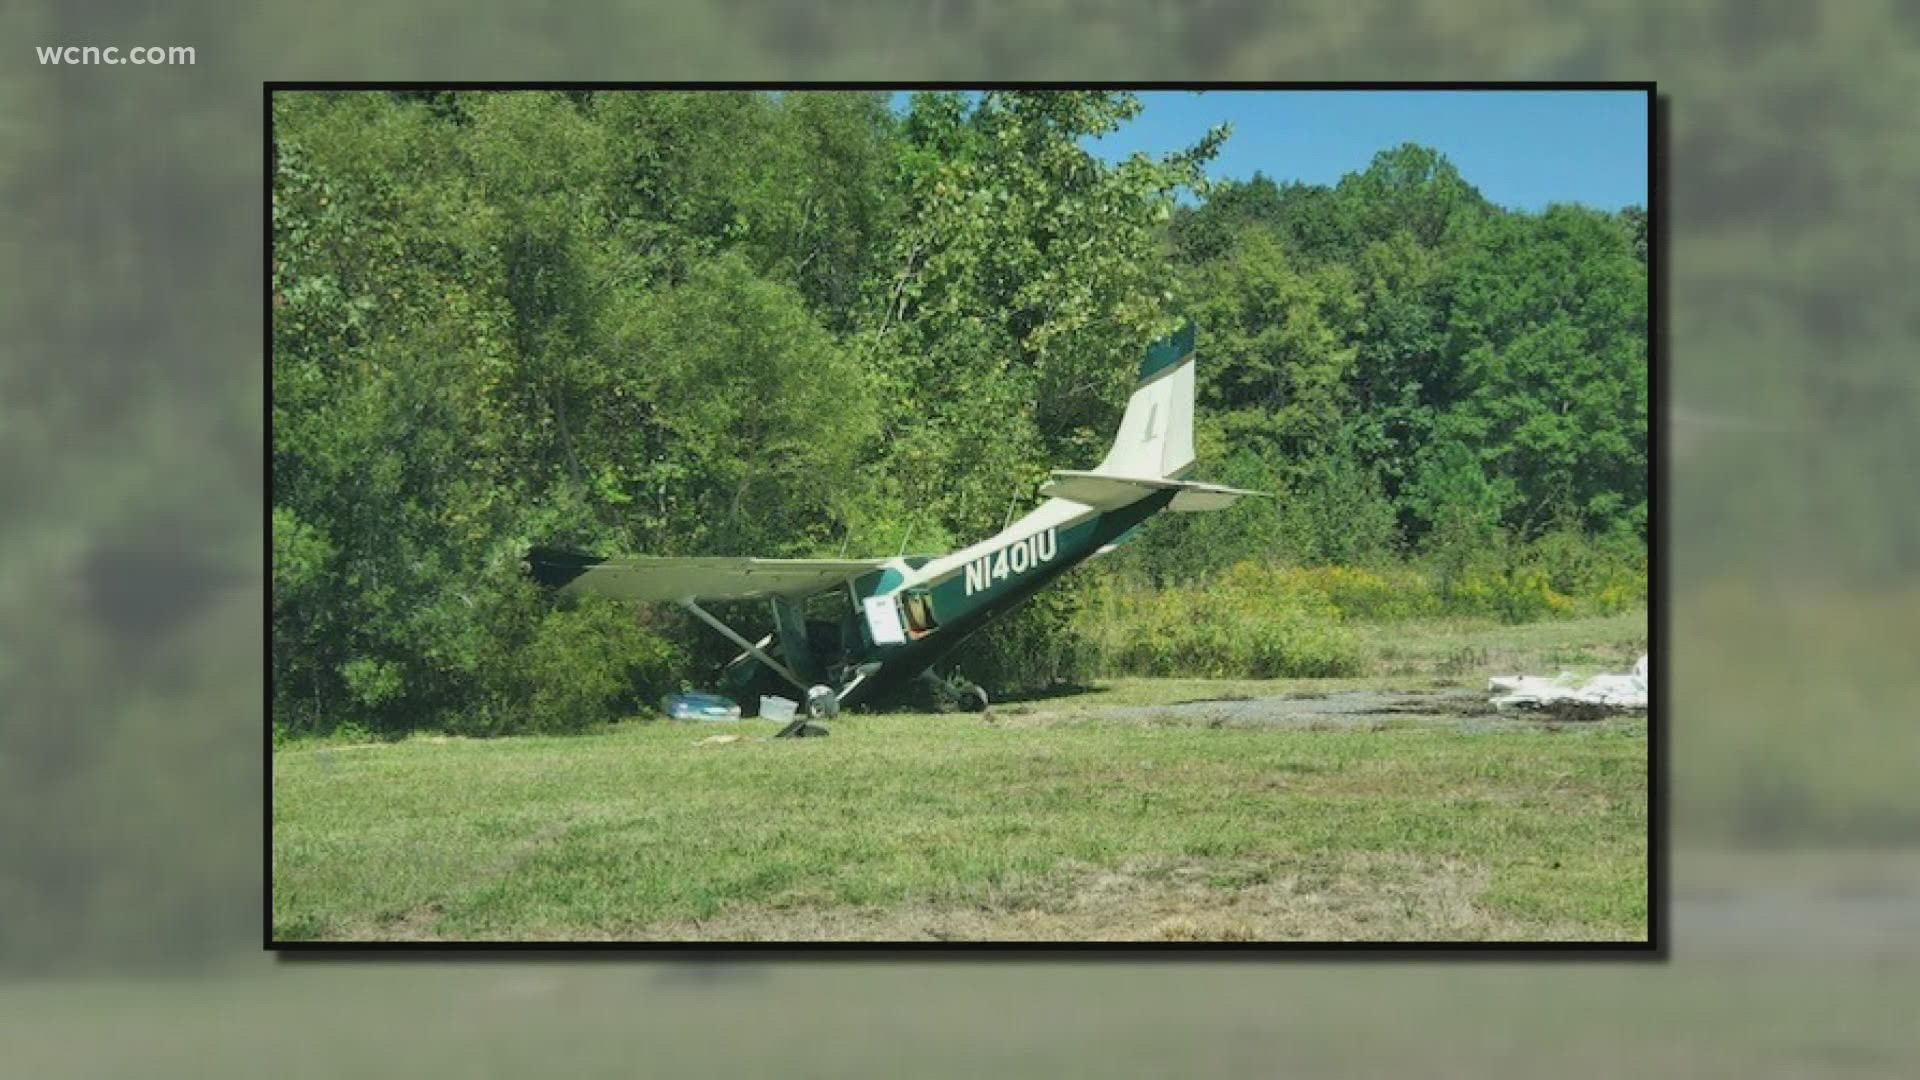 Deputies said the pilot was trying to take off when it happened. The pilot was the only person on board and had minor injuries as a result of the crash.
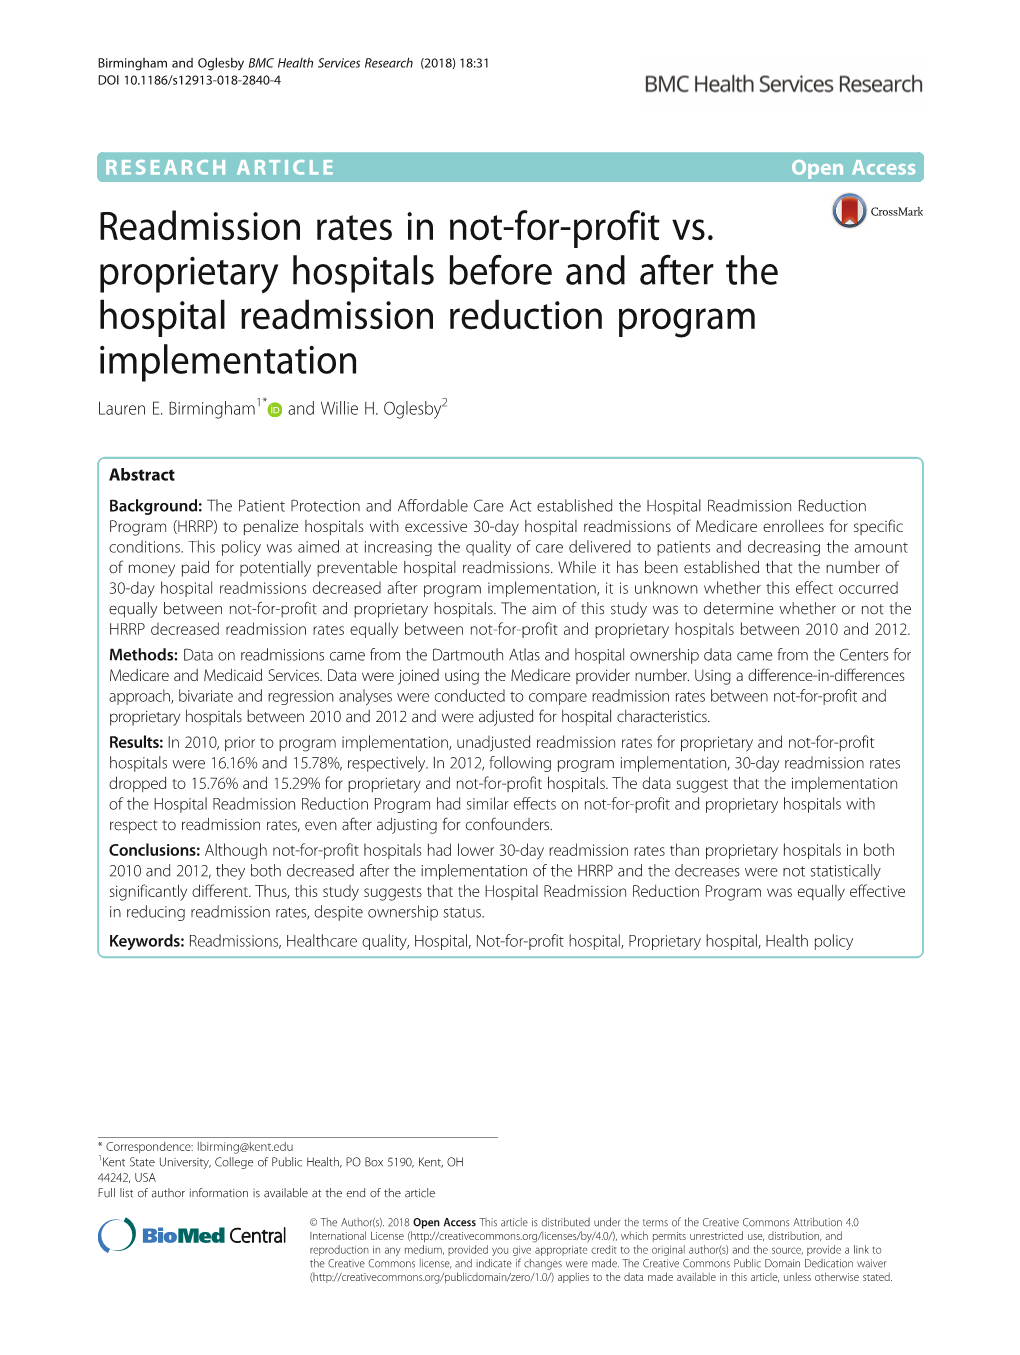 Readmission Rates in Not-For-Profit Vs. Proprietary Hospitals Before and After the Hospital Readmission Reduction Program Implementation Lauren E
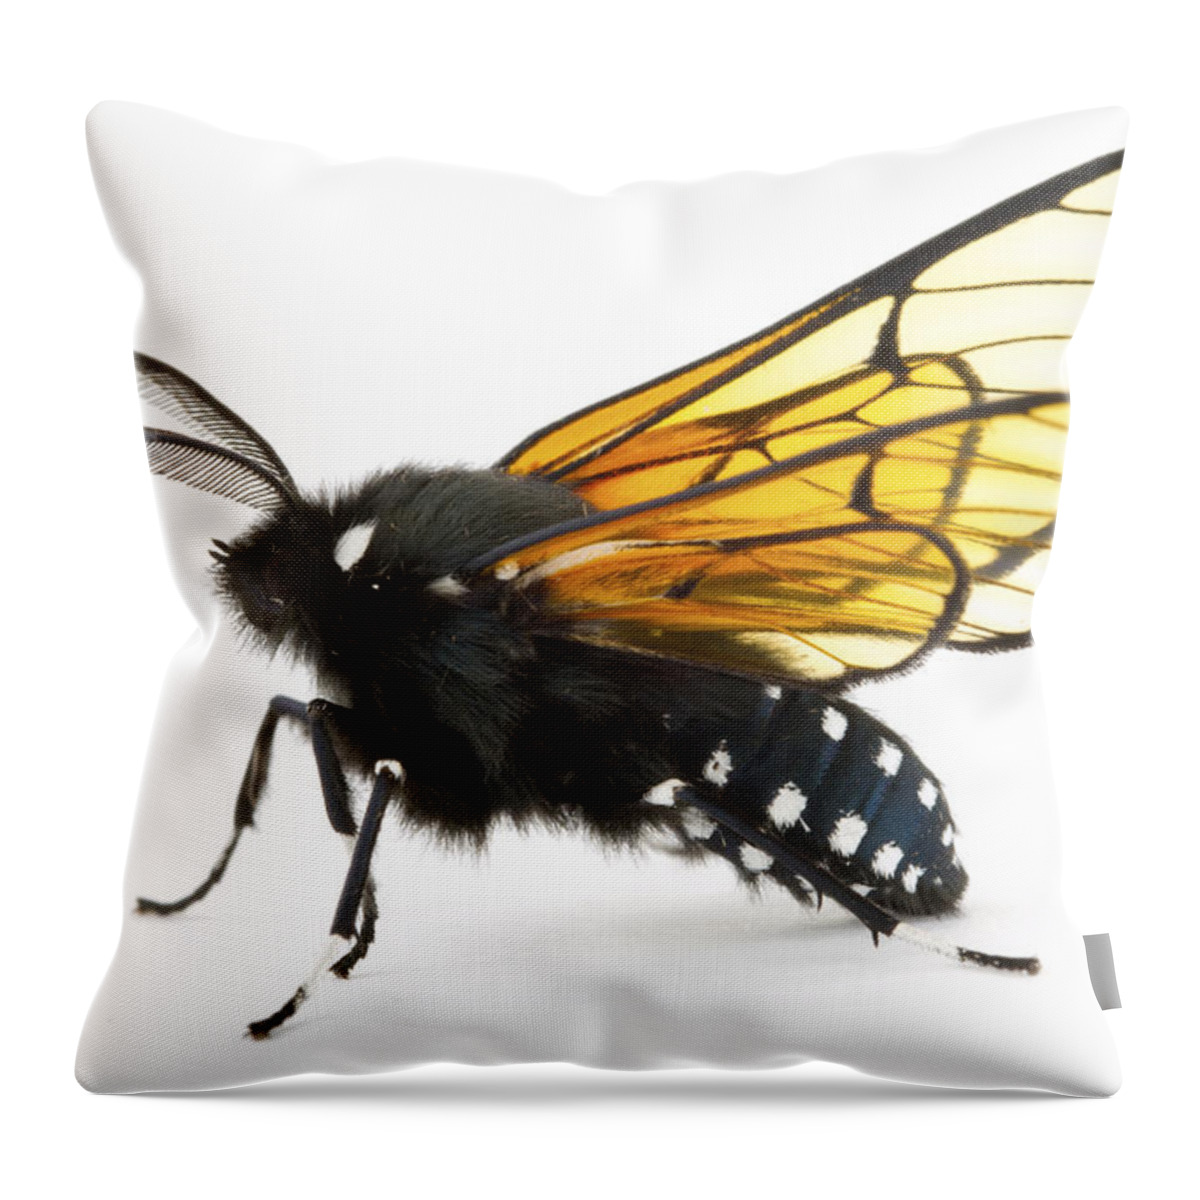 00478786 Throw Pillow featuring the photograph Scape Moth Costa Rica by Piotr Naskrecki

* WHAT IS NEEDED: Every line of the listing is to be repeated exactly, and the pictures are to be dropped.

* ANSWER TO THE PROBLEM:
 Deputies said the pilot was trying to take off when it happened. The pilot was the only person on board and had minor injuries as a result of the crash.
 Readmission Rates in Not-For-Profit Vs. Proprietary Hospitals Before and After the Hospital Readmission Reduction Program Implementation Lauren E
 00478786 Throw Pillow featuring the photograph Scape Moth Costa Rica by Piotr Naskrecki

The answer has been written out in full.